“Love your enemies and pray for those who persecute you” (Matt 5:44).
Jesus proclaims that the standard for holiness is not just obedience to rules and rituals, but the imitation of God, whose holiness is shown by his continuous love for both the virtuous and the sinner.
This standard upends human logic and the presumption that friends deserve love and enemies deserve hate. Jesus’ teaching is a revolution in how to defuse the cycles of revenge that have turned history into a bloodbath and human relationships into a game of survival.
Just the openness to pray for an enemy is the first step in breaking the spell of violence that has become the norm in human affairs. The ancient law of the talon, an “eye for an eye and a tooth for a tooth,” served as a minimal attempt at proportionality, but it defined relationships as possible only by threat of retaliation.

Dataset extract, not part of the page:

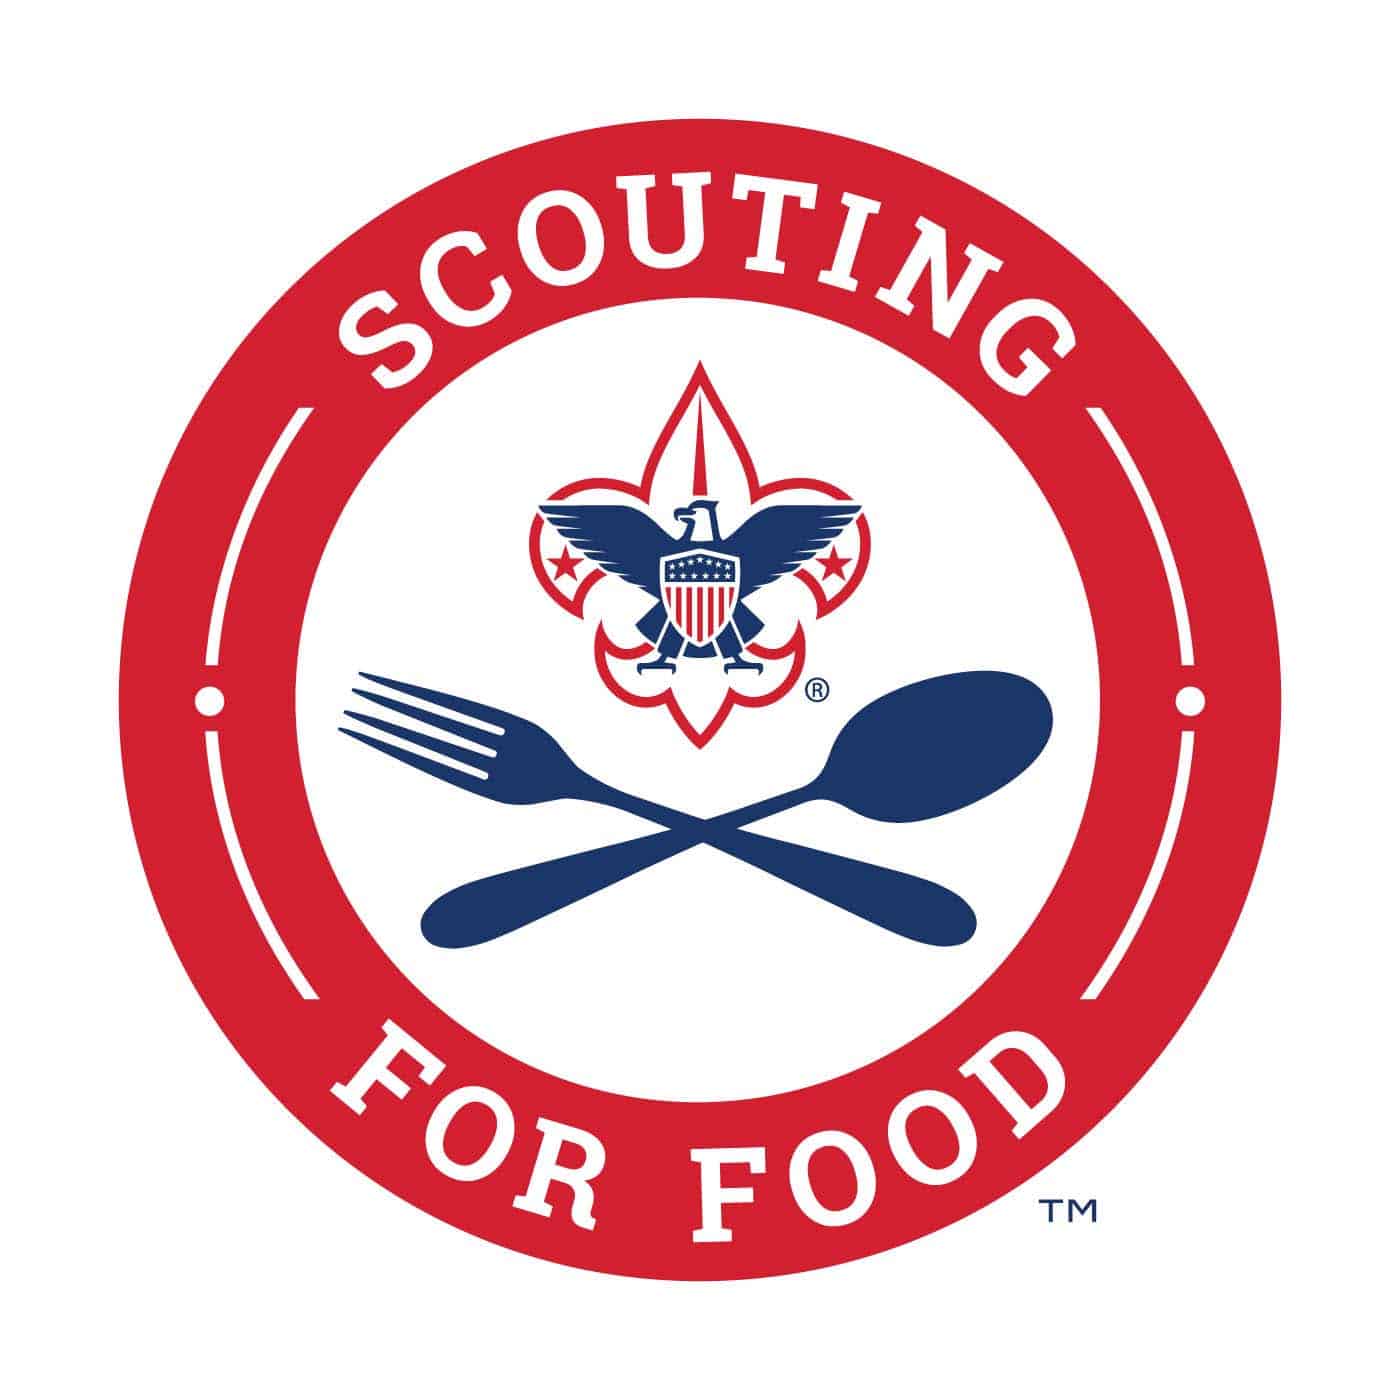 Scouting for Food Logo

Such a baseline notion of justice holds humanity in a state of distrust and readiness to strike back, the logic of nuclear deterrence, or MAD – mutually assured destruction. It requires national and personal defense systems that rob us of most of our creative energy and capacity for love. Jesus proposed a different world.
“Blessed are the peacemakers, for they shall be called the children of God.” Here is the grace that defines those who believe what Jesus promised and demonstrated by his own commitment to live God’s unconditional love.
Like everything Jesus taught in the Sermon on the Mount, only experience will reveal its effectiveness. Early in his papacy, Pope Francis said, “The true battlefield where violence and peace meet is the human heart.”
As disciples, are we willing to begin the revolution in our own hearts? If we respond to the Word and the grace that follows, we will extend the Beatitudes into every aspect of our lives. We will know the unsurpassed joy of being the children of God.